I'm trying to scrape for a webpage using Haskell and compile the results into an object.
If, for whatever reason, I can't get all the items from the pages, I want to stop trying to process the page and return early.
For example:
scrapePage :: String -> IO ()
scrapePage url = do
doc <- fromUrl url
title <- liftM headMay $ runX $ doc >>> css "head.title" >>> getText
when (isNothing title) (return ())
date <- liftM headMay $ runX $ doc >>> css "span.dateTime" ! "data-utc"
when (isNothing date) (return ())
-- etc
-- make page object and send it to db
return ()
The problem is the when
doesn't stop the do block or keep the other parts from being executed.

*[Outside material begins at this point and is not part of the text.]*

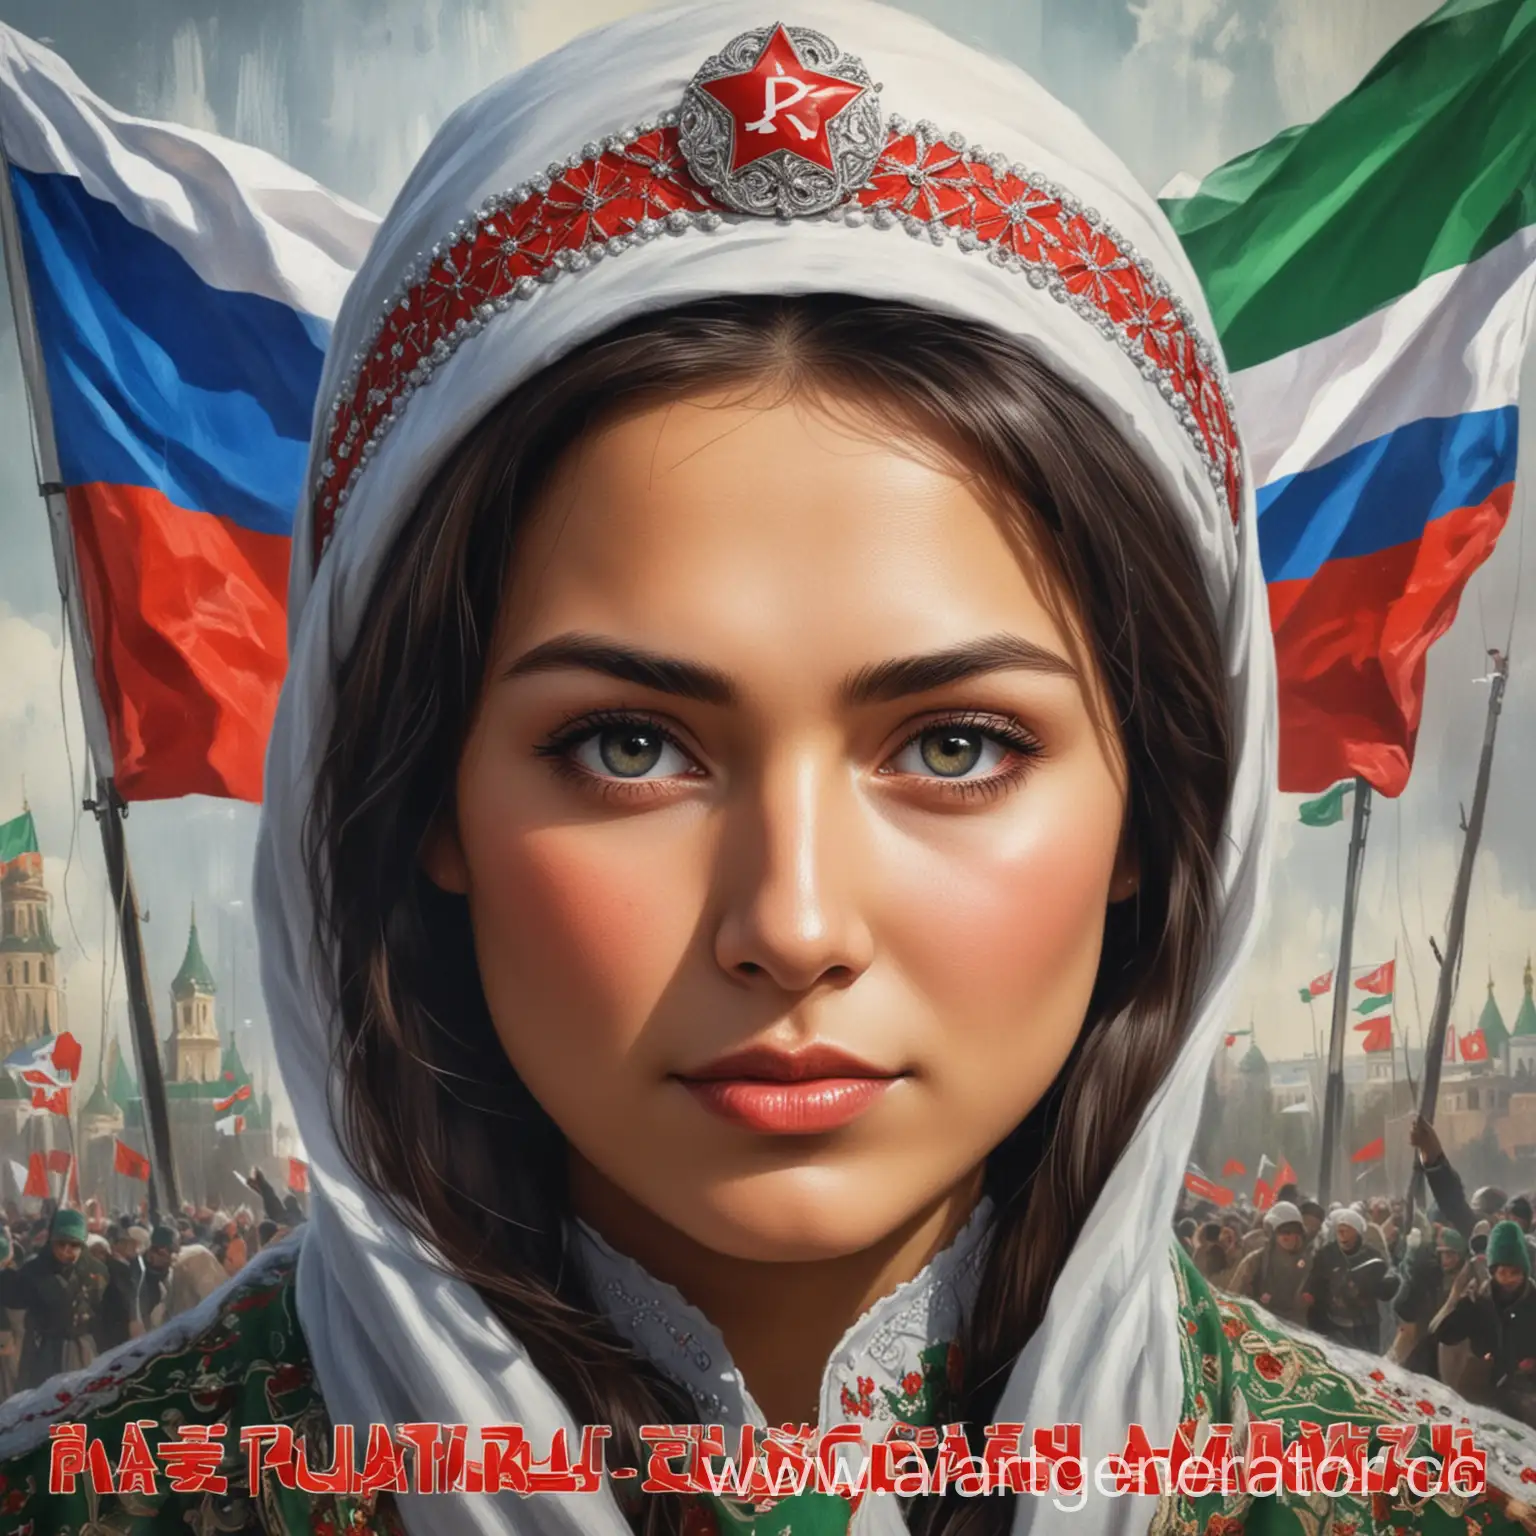 Сгенерируй афишу к патриотичной песне "Я - Россиянка" о Татарстане используя изображение

What is the right way to do this?
return
in haskell does not do the same thing as return
in other languages. Instead, what return
does is to inject a value into a monad (in this case IO
). You have a couple of options
the most simple is to use if
scrapePage :: String -> IO ()
scrapePage url = do
doc <- fromUrl url
title <- liftM headMay $ runX $ doc >>> css "head.title" >>> getText
if (isNothing title) then return () else do
date <- liftM headMay $ runX $ doc >>> css "span.dateTime" ! "data-utc"
if (isNothing date) then return () else do
-- etc
-- make page object and send it to db
return ()
another option is to use unless
scrapePage url = do
doc <- fromUrl url
title <- liftM headMay $ runX $ doc >>> css "head.title" >>> getText
unless (isNothing title) do
date <- liftM headMay $ runX $ doc >>> css "span.dateTime" ! "data-utc"
unless (isNothing date) do
-- etc
-- make page object and send it to db
return ()
the general problem here is that the IO
monad doesn't have control effects (except for exceptions). On the other hand, you could use the maybe monad transformer
scrapePage url = liftM (maybe () id) . runMaybeT $ do
doc <- liftIO $ fromUrl url
title <- liftIO $ liftM headMay $ runX $ doc >>> css "head.title" >>> getText
guard (isJust title)
date <- liftIO $ liftM headMay $ runX $ doc >>> css "span.dateTime" ! "data-utc"
guard (isJust date)
-- etc
-- make page object and send it to db
return ()
if you really want to get full blown control effects you need to use ContT
scrapePage :: String -> IO ()
scrapePage url = runContT return $ do
doc <- fromUrl url
title <- liftM headMay $ runX $ doc >>> css "head.title" >>> getText
when (isNothing title) $ callCC ($ ())
date <- liftM headMay $ runX $ doc >>> css "span.dateTime" ! "data-utc"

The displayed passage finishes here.